» **Data below**:

——————

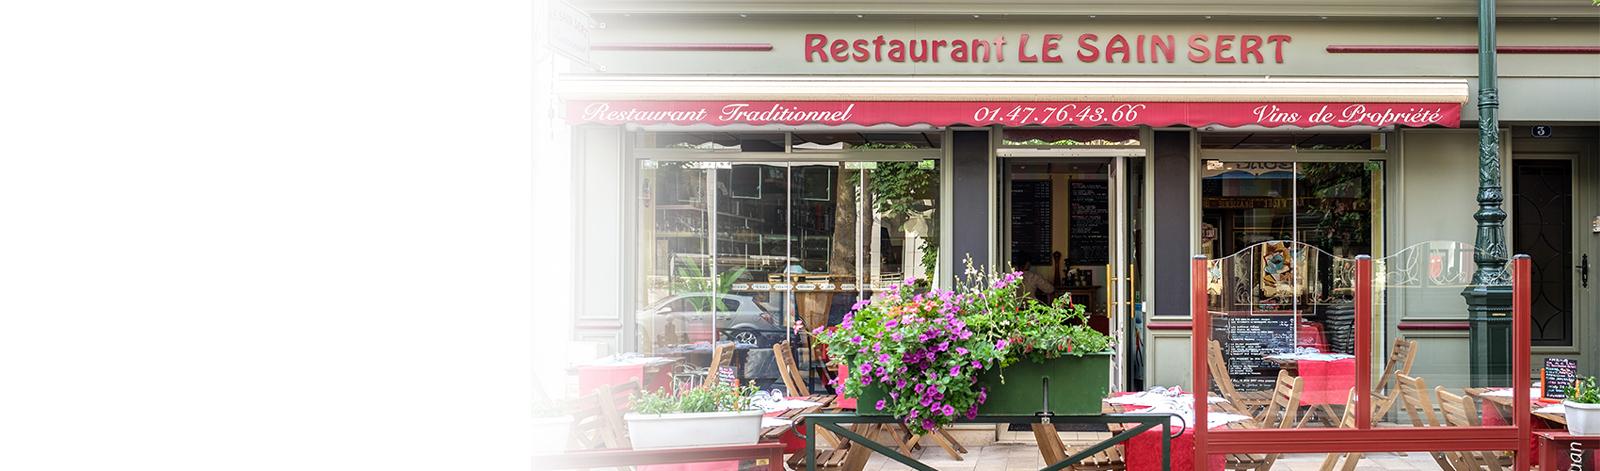 restaurant-lesainsert-terrasse
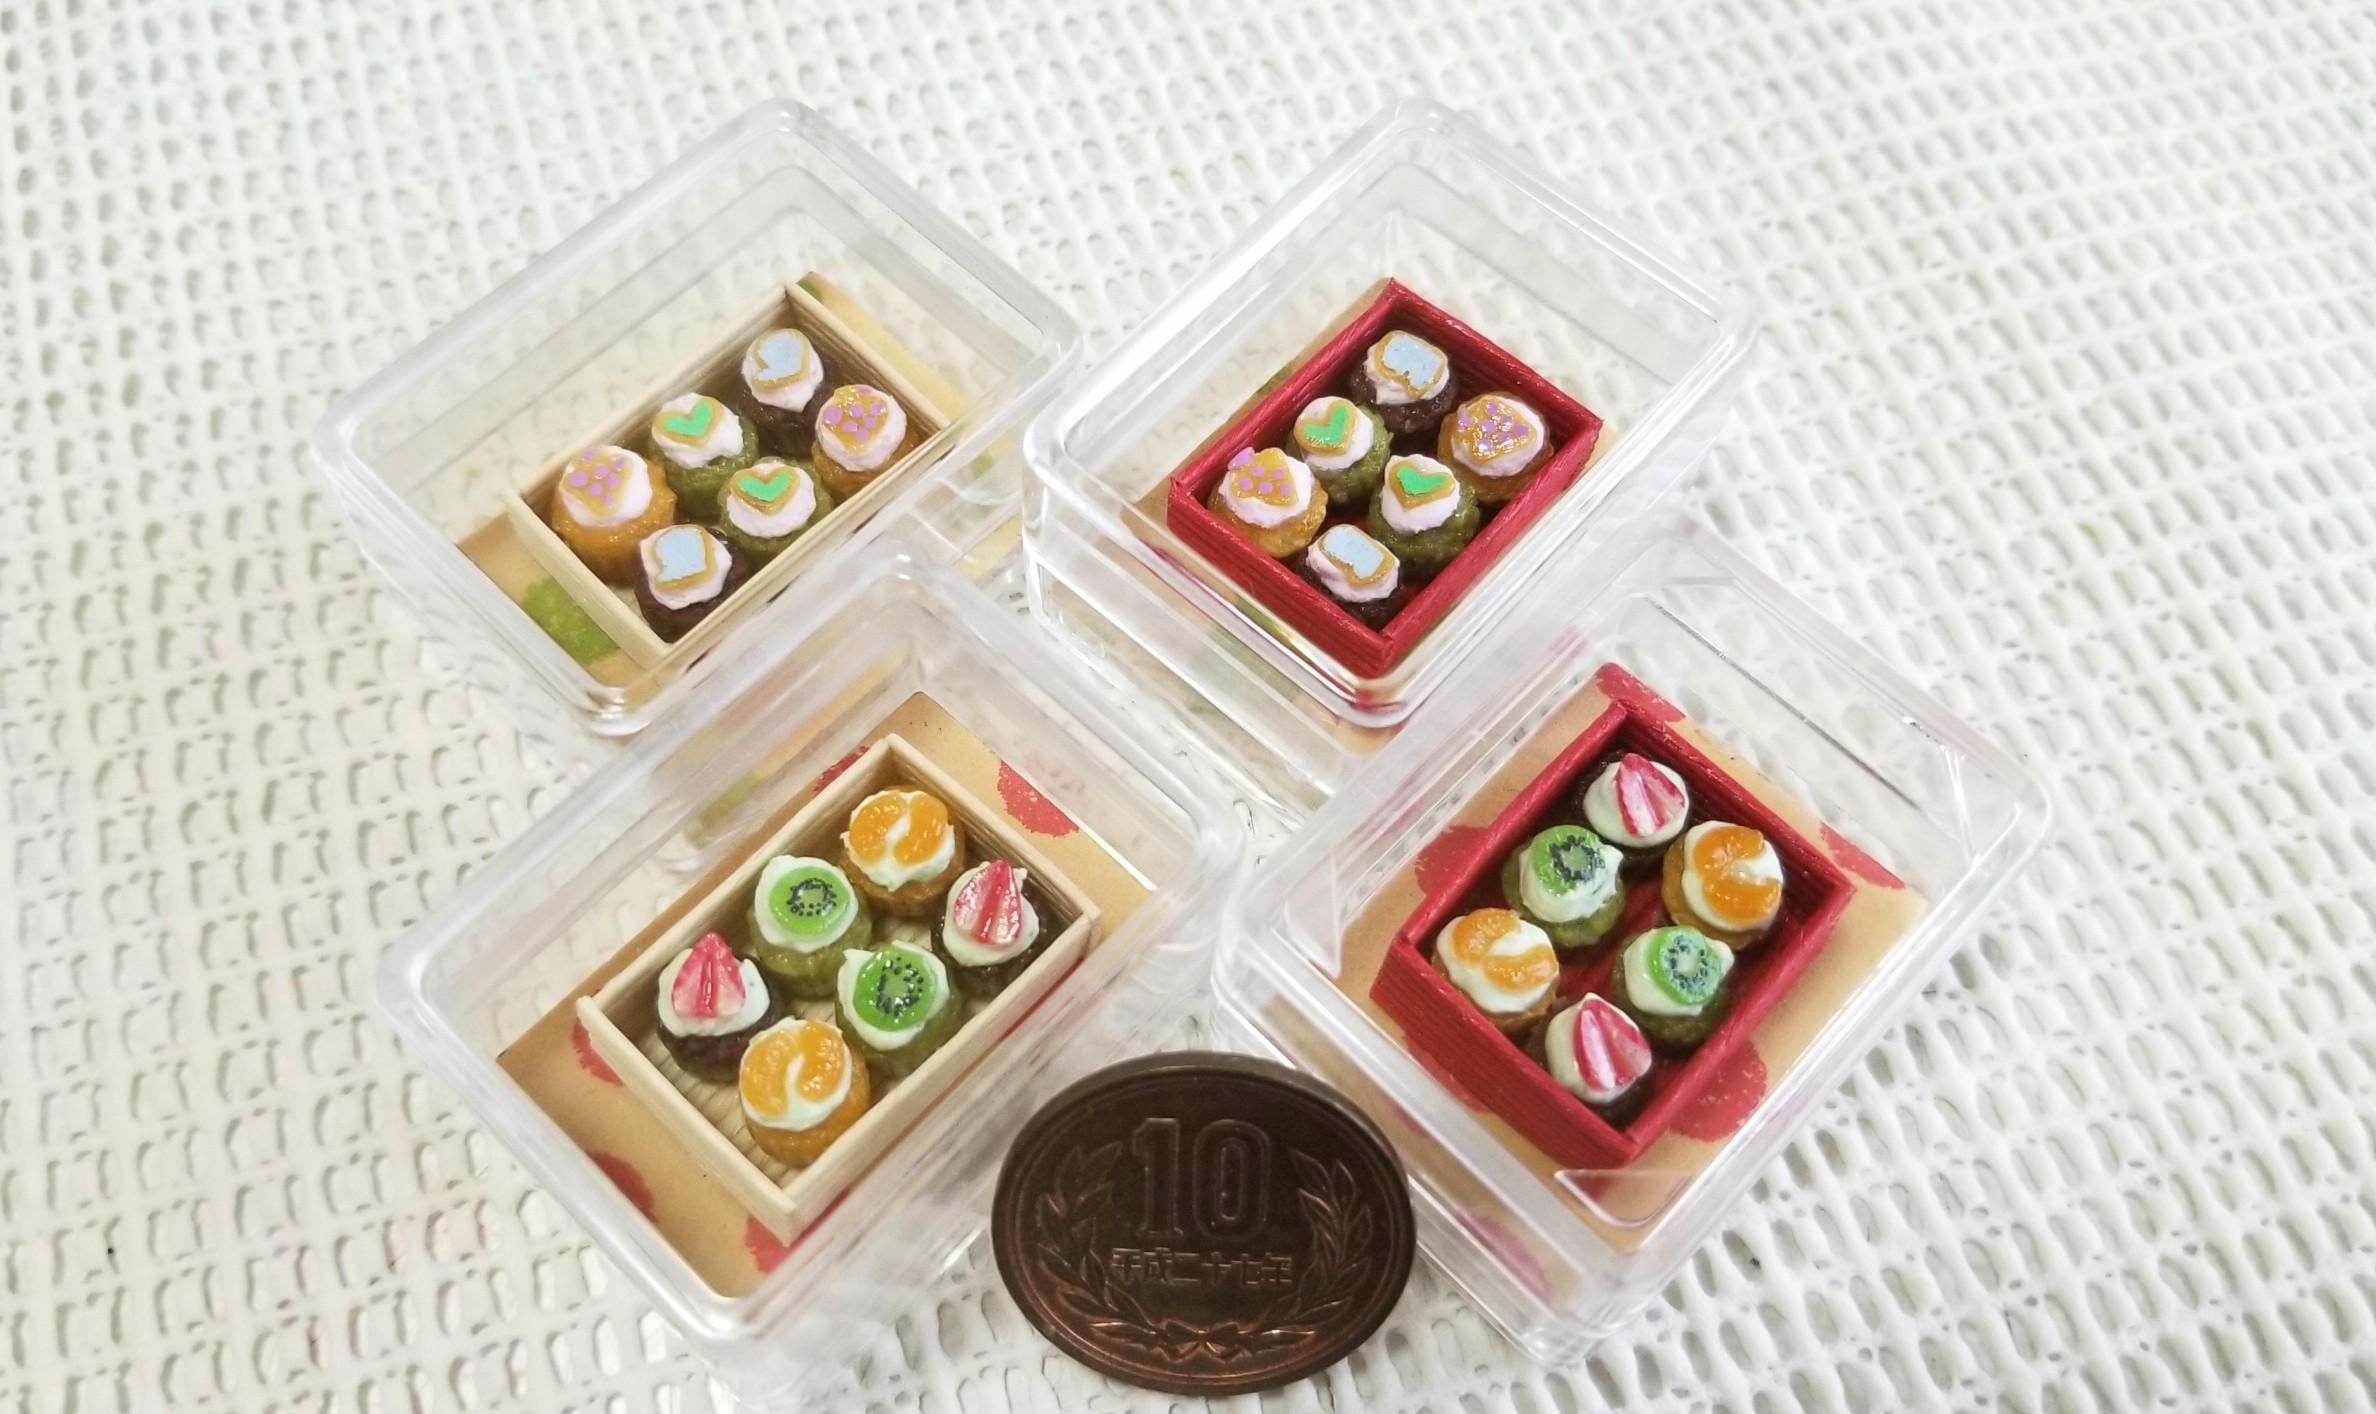 ミニチュア, ミニカップケーキ, 小さい, 可愛い, ミンネにて販売中
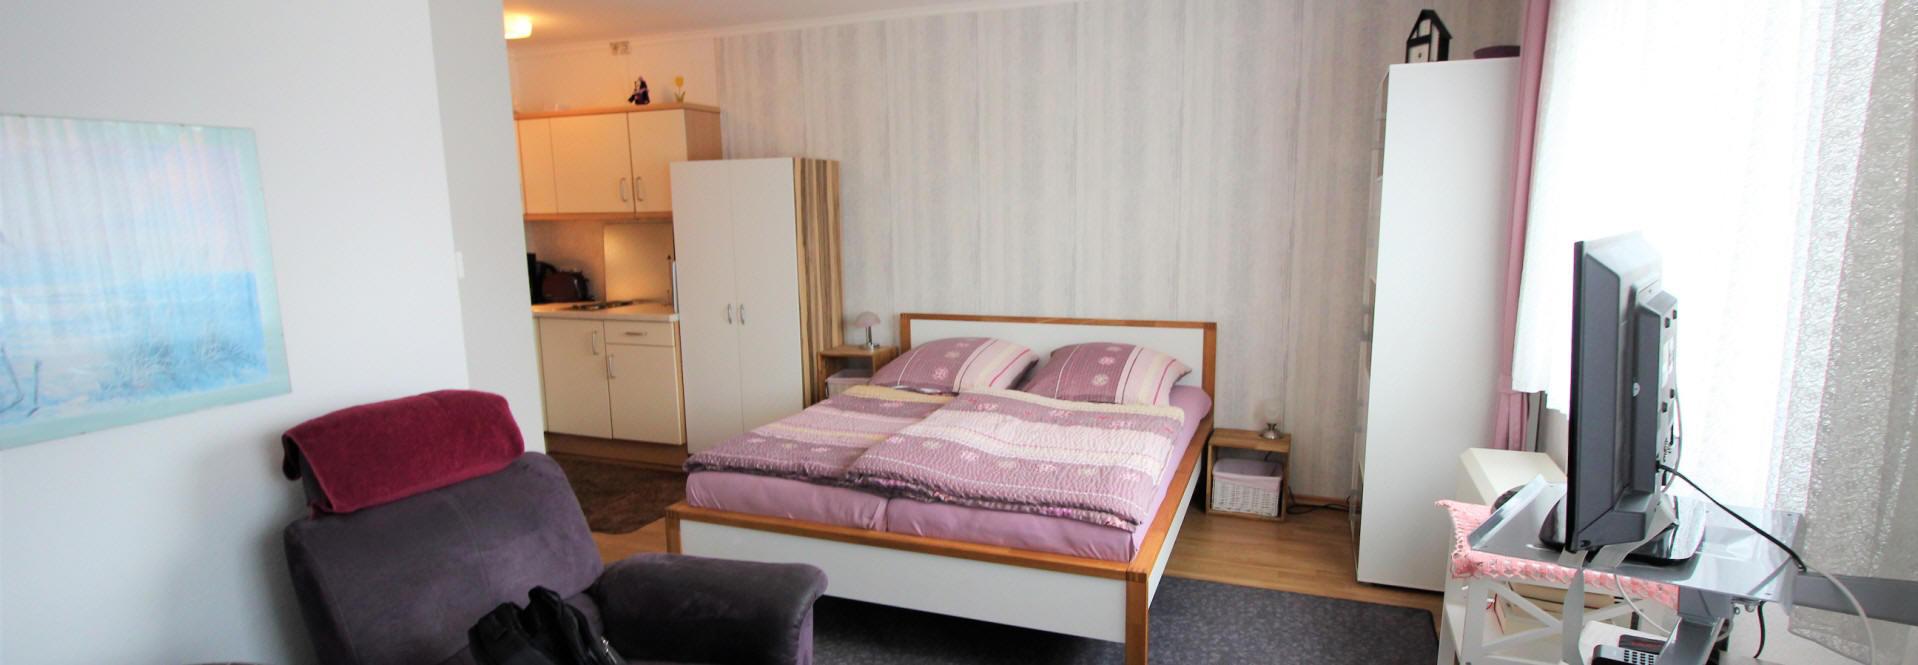 Apartment Emmastr., die kleine freindliche Ferienwohnung für zwei Personen

——————

» **Exercise description**: Copy out the material above in full and exactly; its pictures are not to appear.

» **Finished exercise**:
 restaurant-lesainsert-terrasse
 ミニチュア, ミニカップケーキ, 小さい, 可愛い, ミンネにて販売中
 Apartment Emmastr., die kleine freindliche Ferienwohnung für zwei Personen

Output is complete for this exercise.